I'd say this works as intended; if --port is passed it's your responsibility to set it. To set a default value regardless try this:
$ if [ $PORT ]; then budo --port $PORT; else budo; fi
I'm not sure what the error looks like you're getting, if it's unclear we could perhaps improve that? Cheers!
Also to clarify: setting variables before running the script works:
"derp": "echo $foo"
$ foo='bar' npm run foo
bar
Yeah typically CLIs will error out when you pass undefined stuff.
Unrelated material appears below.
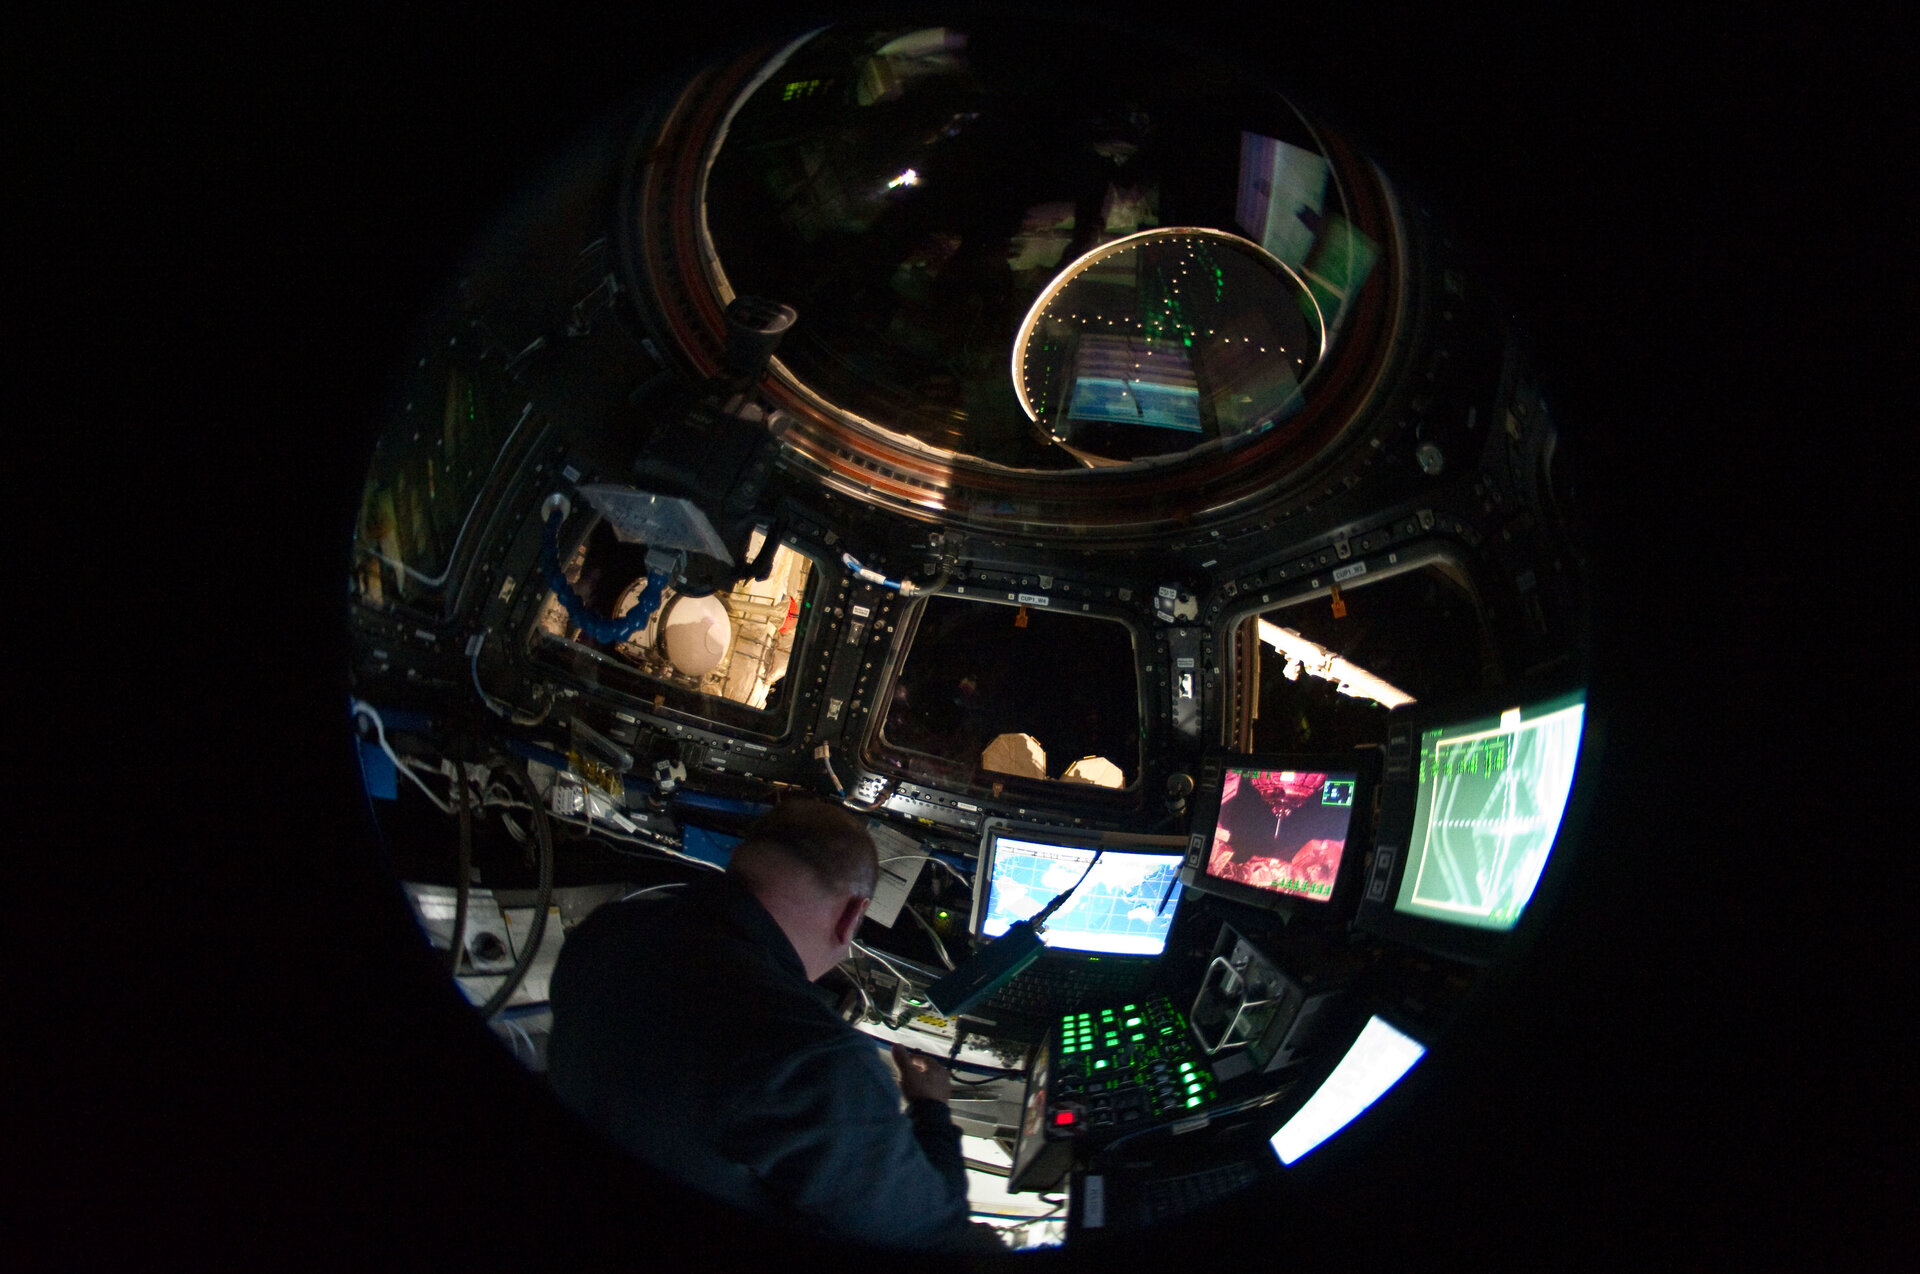 Windows and computers in the Cupola

I think we could add a clearer error message.
I would write the command like this, but I recently discovered Git Bash on Windows doesn't like this format:
$ if [ $PORT ]; then budo --port $PORT; else budo; fi
And it's also not kind of a pain to type in each project's npm scripts.
before
empty
--port

invalid (non-numeric)
--port swag

after
valid
--port 7000

empty
--port

environment variables
PORT='' … --port $PORT
PORT=7000 … --port $PORT

invalid
--port swag

Seems like a pretty legitimate use case, I've run into similar issues with Unix stuff not working in Windows. Should be merged in latest, I'll cut a new release soon.
Going to reopen this while we figure out another way to allow user-override port/host in a cross-platform manner.